### [Task directions]
Could the listing be repeated exactly, with every picture dropped?

Source data Block Start

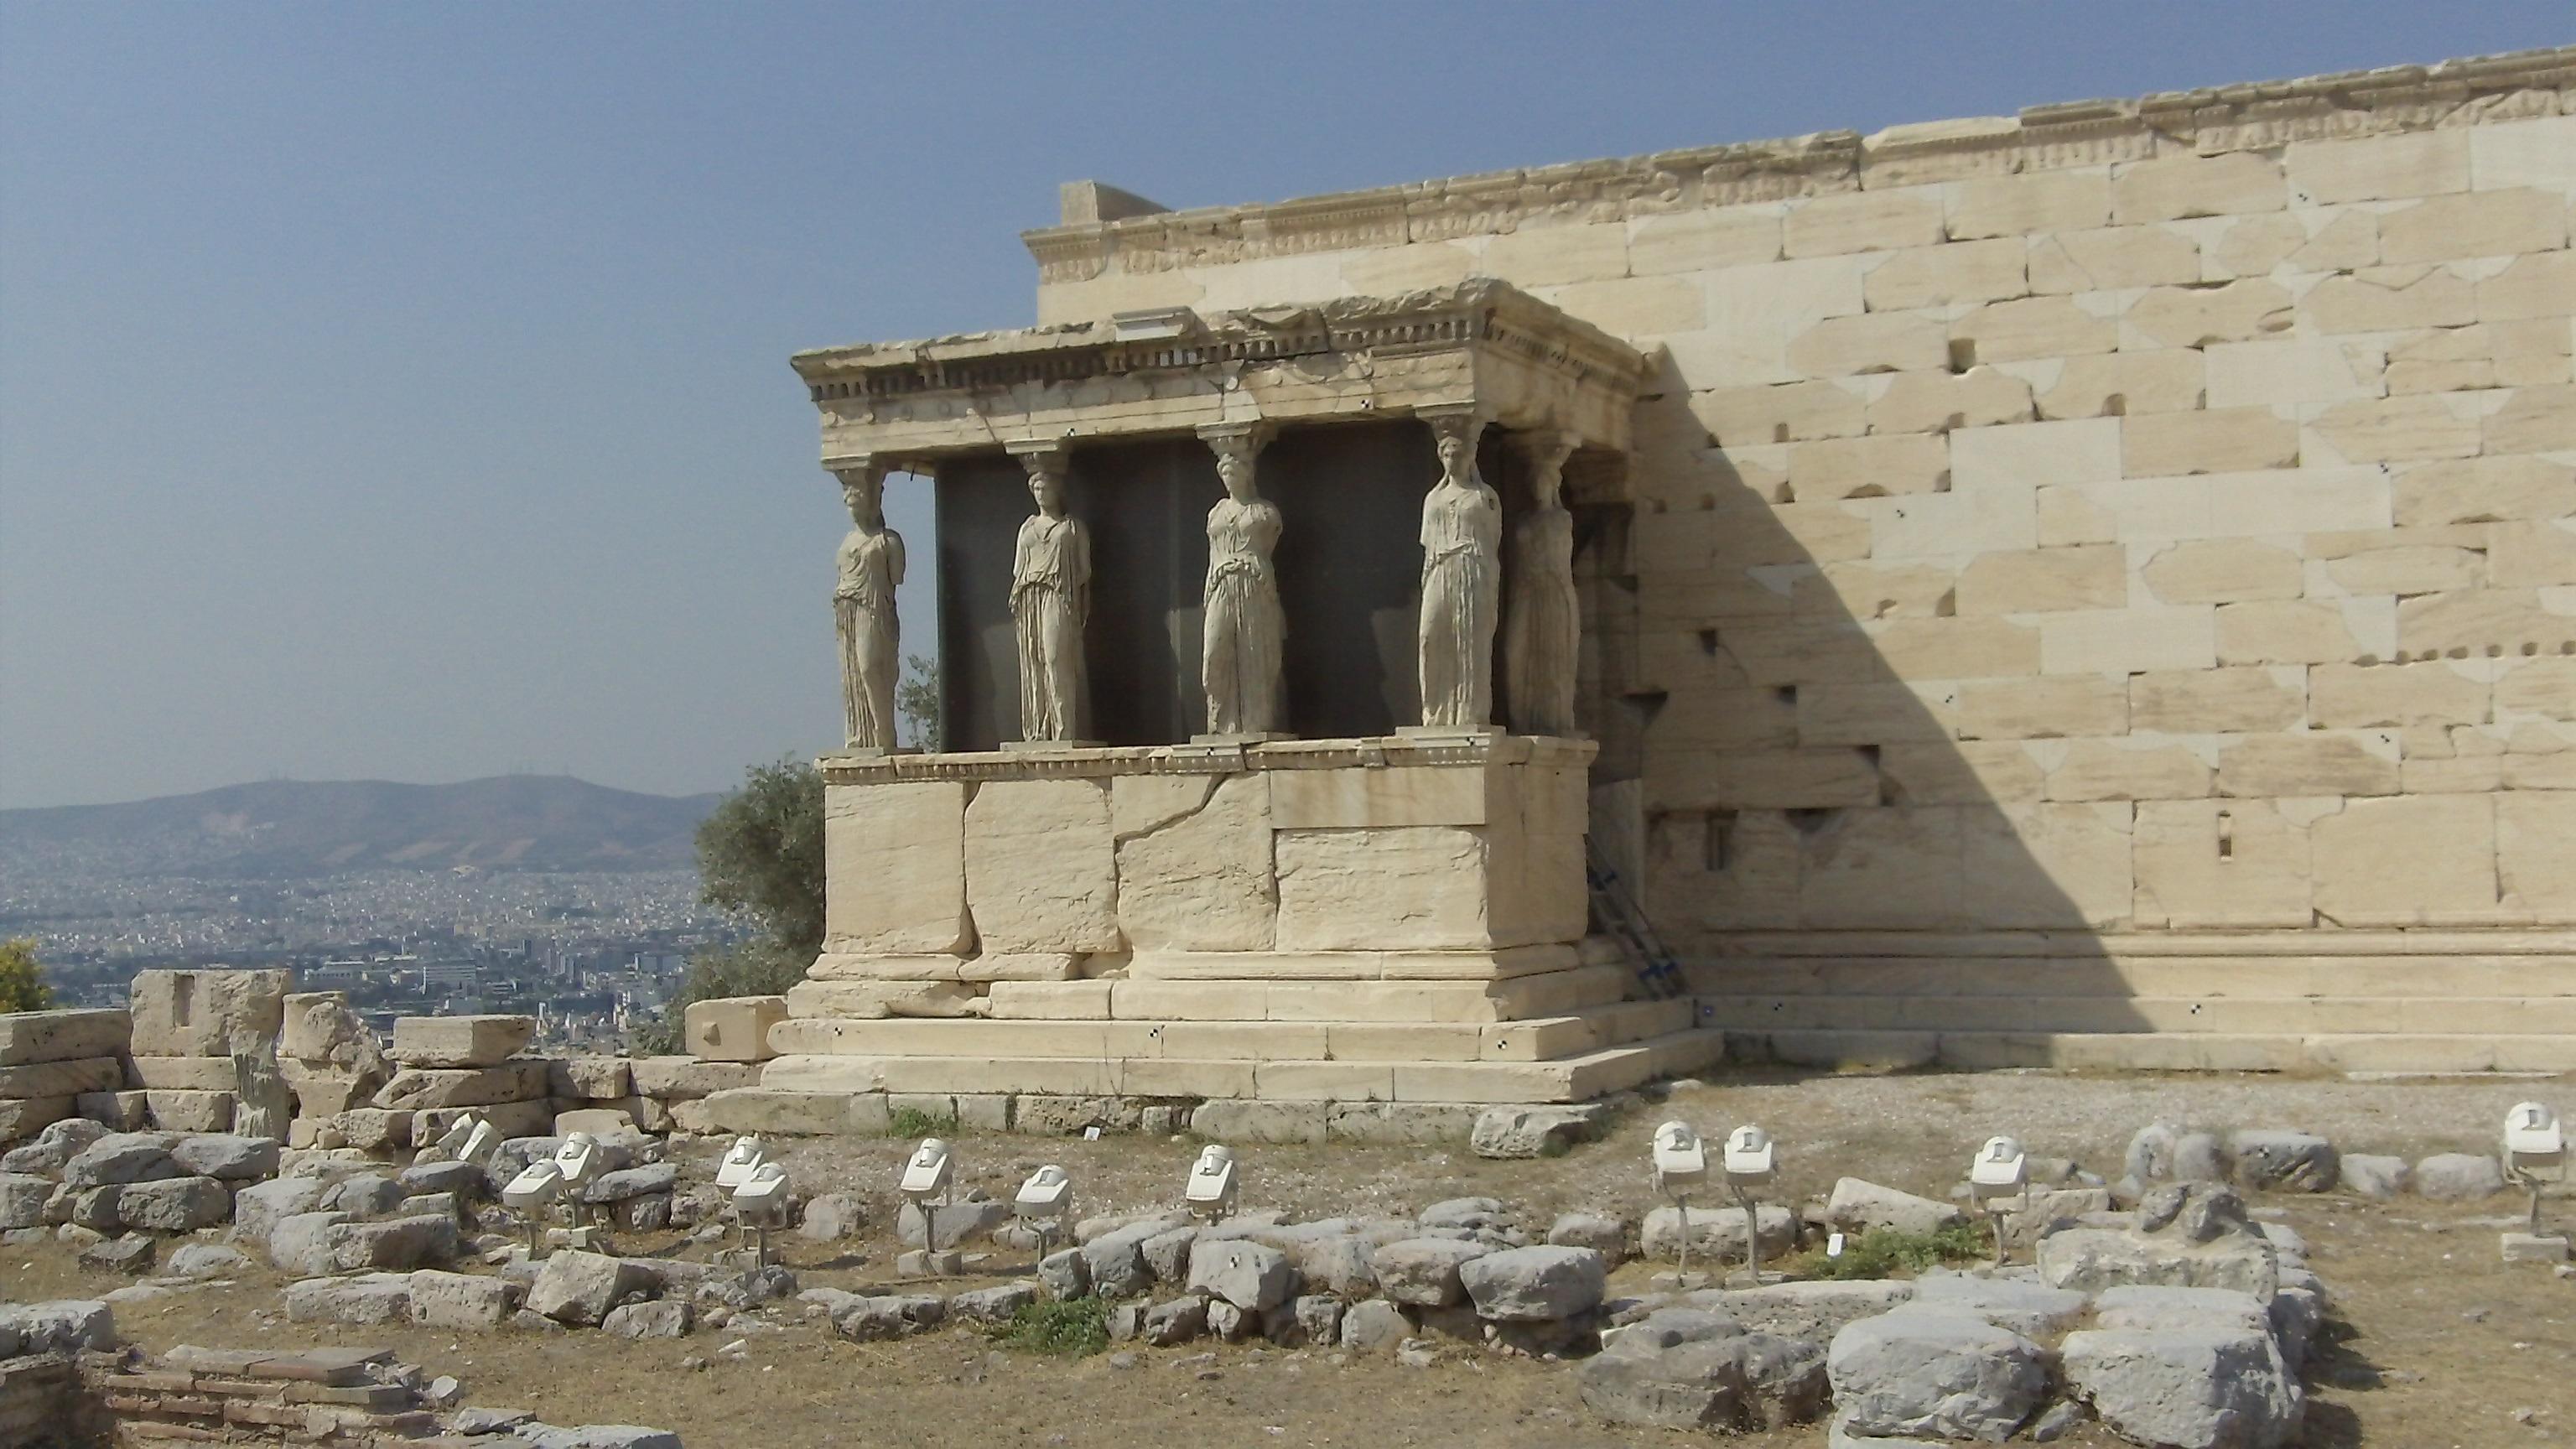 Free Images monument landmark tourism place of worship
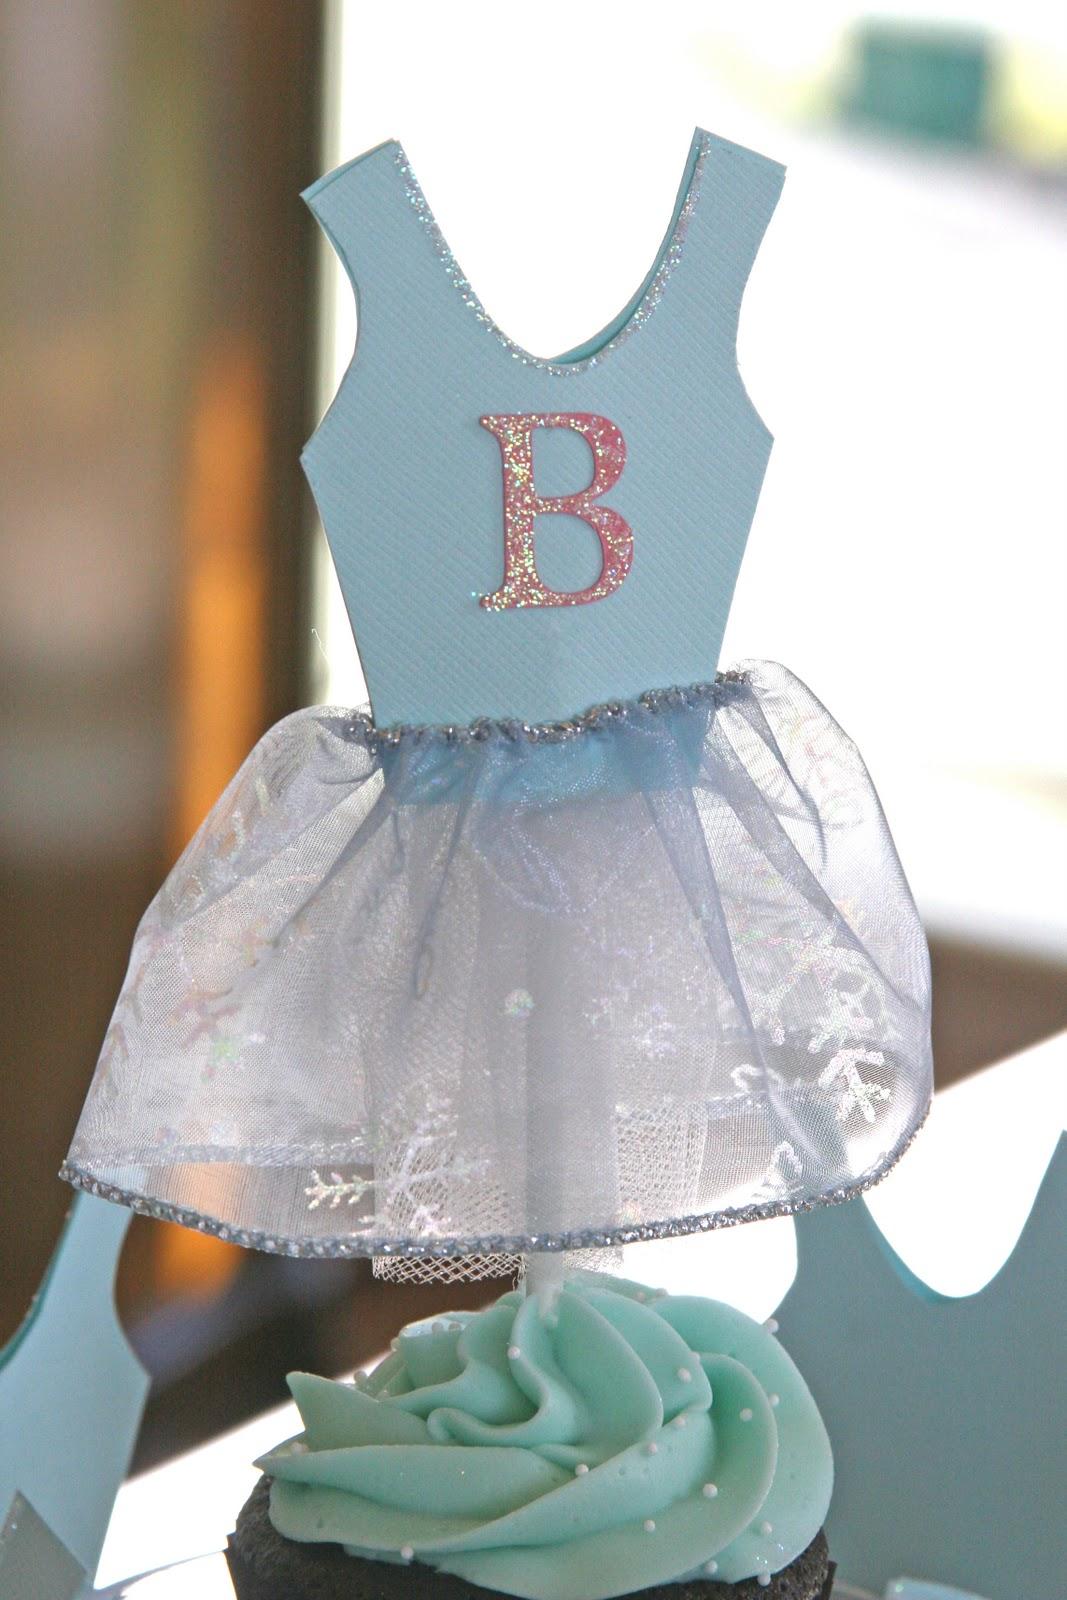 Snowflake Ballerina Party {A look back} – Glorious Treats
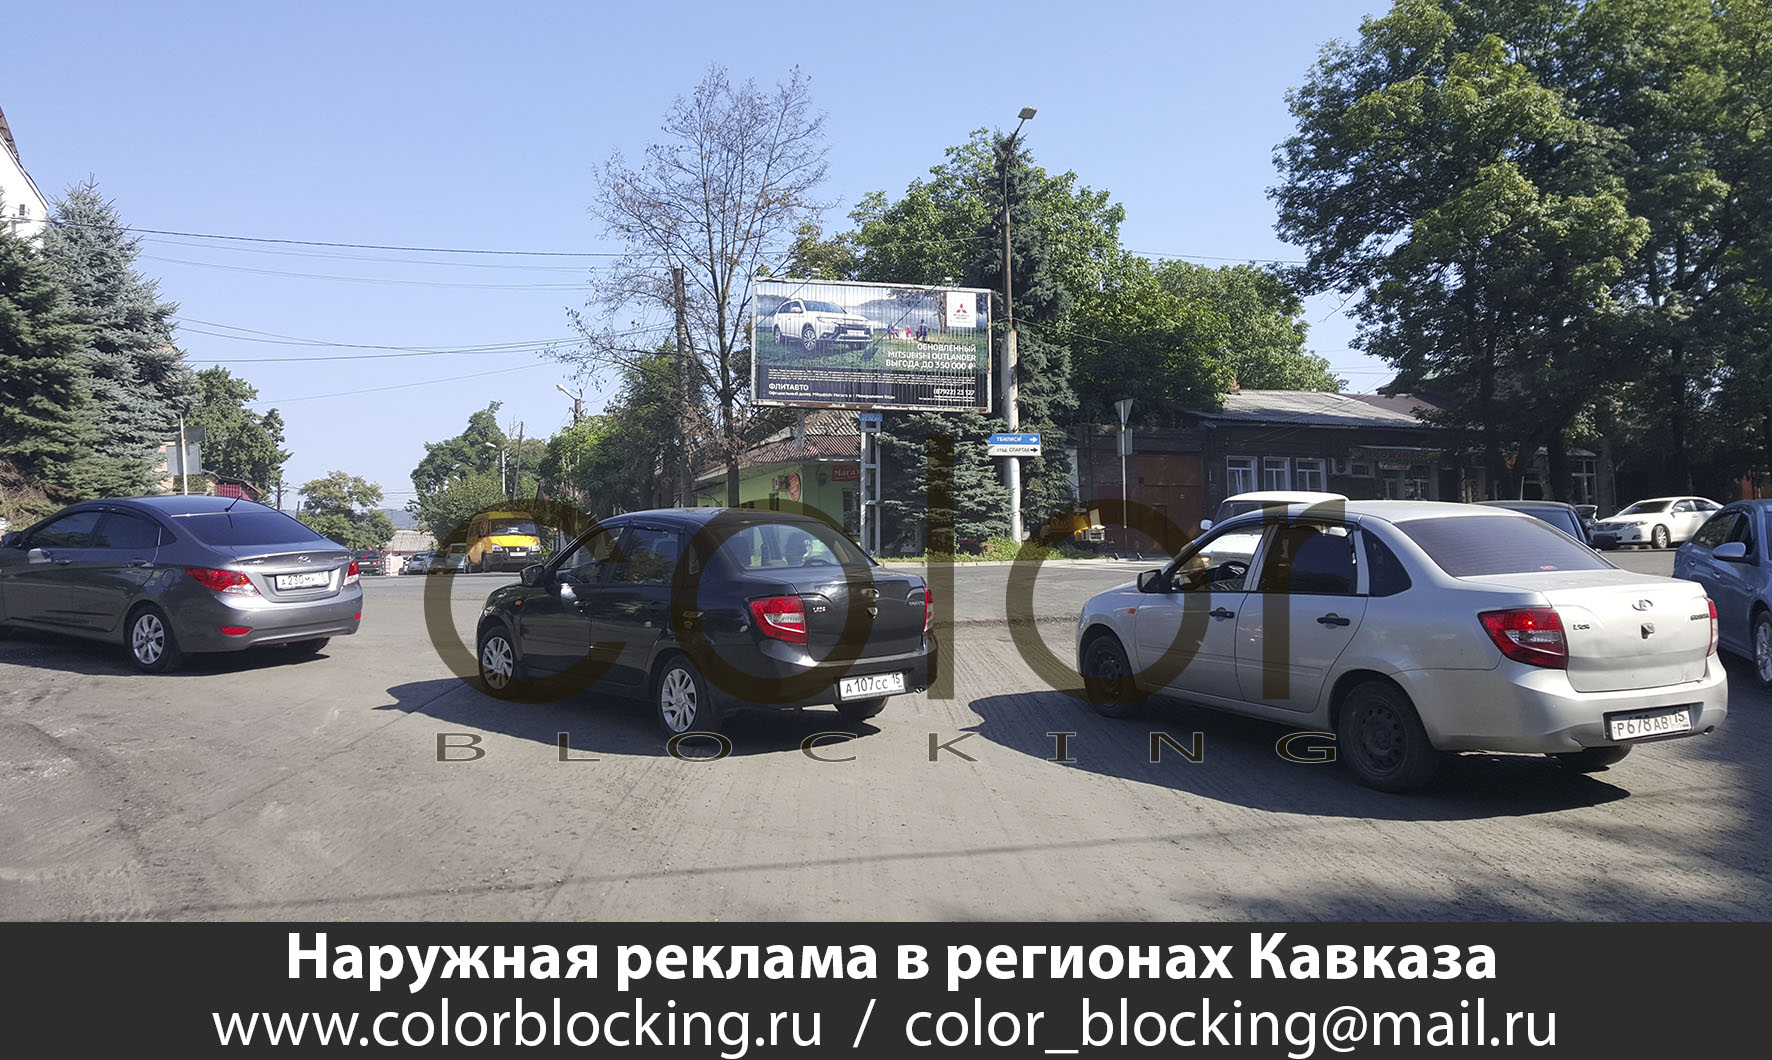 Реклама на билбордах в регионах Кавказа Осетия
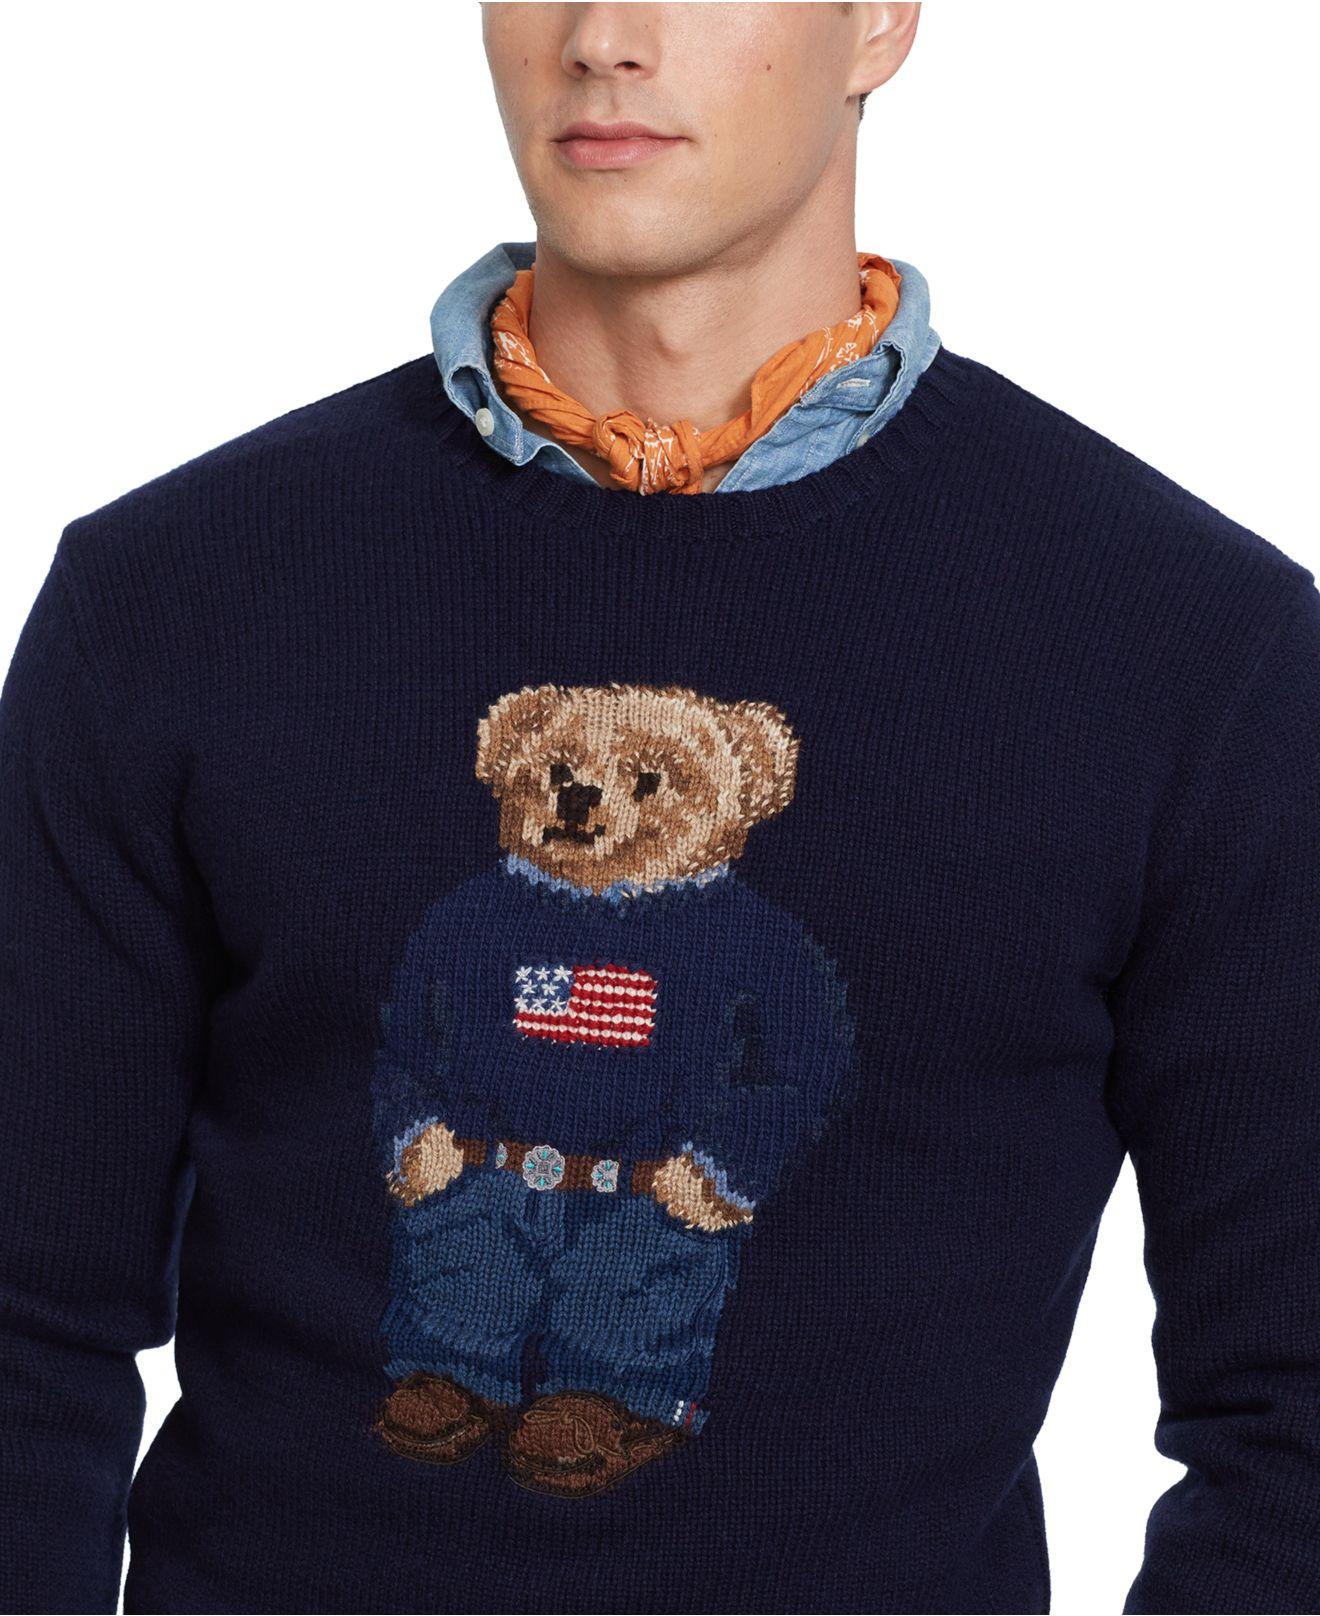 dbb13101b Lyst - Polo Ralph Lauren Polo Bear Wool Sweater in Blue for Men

Source data Block End

### [Answer for the task]
 Free Images monument landmark tourism place of worship
 Snowflake Ballerina Party {A look back} – Glorious Treats
 Реклама на билбордах в регионах Кавказа Осетия
 dbb13101b Lyst - Polo Ralph Lauren Polo Bear Wool Sweater in Blue for Men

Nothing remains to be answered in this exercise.